In other news, three separate mixed-use communities have been approved by Clark County commissioners. But, ho lookey here, developers are sidestepping land restrictions that prohibit homes on former airport property. The problem? The deed restriction says you can't use airport land to promote a residential development. The loop hole? "Urban villages"- new communities that commingle condominiums, shops and office spacewhere residents can, according to the sales pitches, "live, work and play." Gee, in other parts of the country they just call them neighborhoods.

And lastly we come to this tidbit- a bill creating $2.5 million in funding to help gambling addicts has been approved by the Assembly and now goes to the Gov for signing. The idea is to take $1-2 of the current slot tax from every machine in the state and put it into a pool for grants and treatment/prevention programs. I just wonder how many gamblers have to play the slots into order to fund the program that will help them stop playing the slots?

Steele

Saturday, June 04, 2005

Store traffic

It's Saturday, so I went grocery shopping. I hate shopping. I just want to walk in, buy exactly what I came for and get the hell out. All I needed was fresh parsley, ripe peaches, a pound of Tilapia from the seafood counter and some arborio rice. That's it. That's all. Could it be that easy? No, of course not.

But I was trapped in store for half an hour while people crept along in front of me and plodded behind me and cut me off at every aisle intersection. They walked in the middle of the aisles, or stopped moving without warning and refused to get out of the way, totally oblivious to the fact the some of us wanted to Return to Our Lives.

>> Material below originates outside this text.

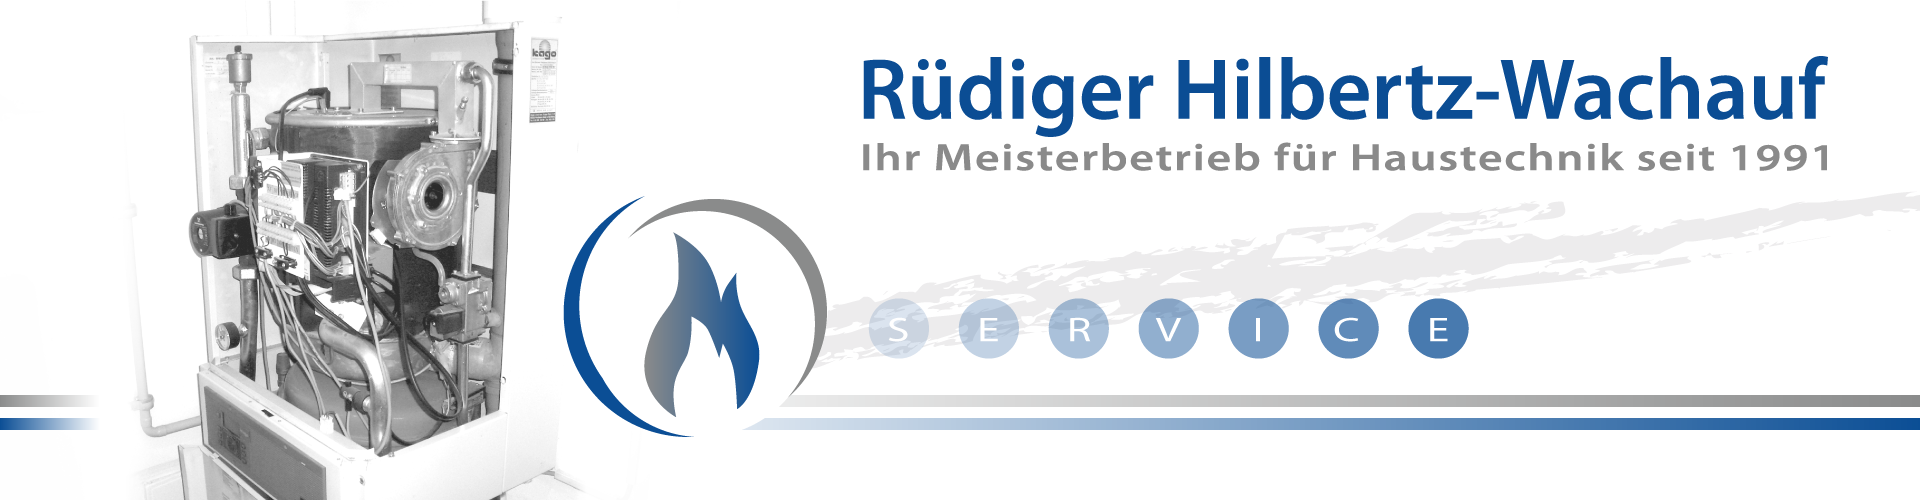 Rüdiger Hilbertz-Wachauf Heizung-Sanitär Meister

If these mouth-breathing morons drive their cars the same way they operate shopping carts, I'm stunned that the highways aren't littered with more carcasses.

Steele, who is no longer in any damned mood to cook

Thursday, June 02, 2005

Well... Here it is

This is my first dip into the blog pool, so forgive me for not diving in and saying anything profound. I don't do profound.

I will say that a good way to get to know someone is by their likes and dislikes, so here's

WHAT I'M READING Urban Shaman by C.E. Murphy is awesome so far. Great heroine, compelling story, taut pacing. (Oops. I sound like my author)

WHAT I'M WATCHING I am so totally hooked on the tv series 24. I rented the first disc of the first season and haven't been able to stop watching yet.

WHAT I'M HEARING Can't Hold Us Down Christina Aquilera is awesome. Lousy fashion sense until recently, but the best vocals around.

WHAT I'M EATING Here's the recipe for Baked Rigatoni with Bechamel Sauce. I'm gonna have to run an extra five miles, but it's so worth it.

SOMETHING I LOVE My Harley Davidson Softail. Everything you've heard about bikers? Not true. Except some of it.

SOMETHING I HATE I have a long list. But the most recent is dressing room mirrors. What sadist goes out of their way to make people look so freakin' ugly while trying on clothes??

WHERE I WANT TO GO We took a trip to visit my father's family when I was a kid and I need to go and see Tuscany again.

WHERE YOU CAN FIND ME Come September 2006, I'll be between the covers. My life will be an open book, forgive the pun.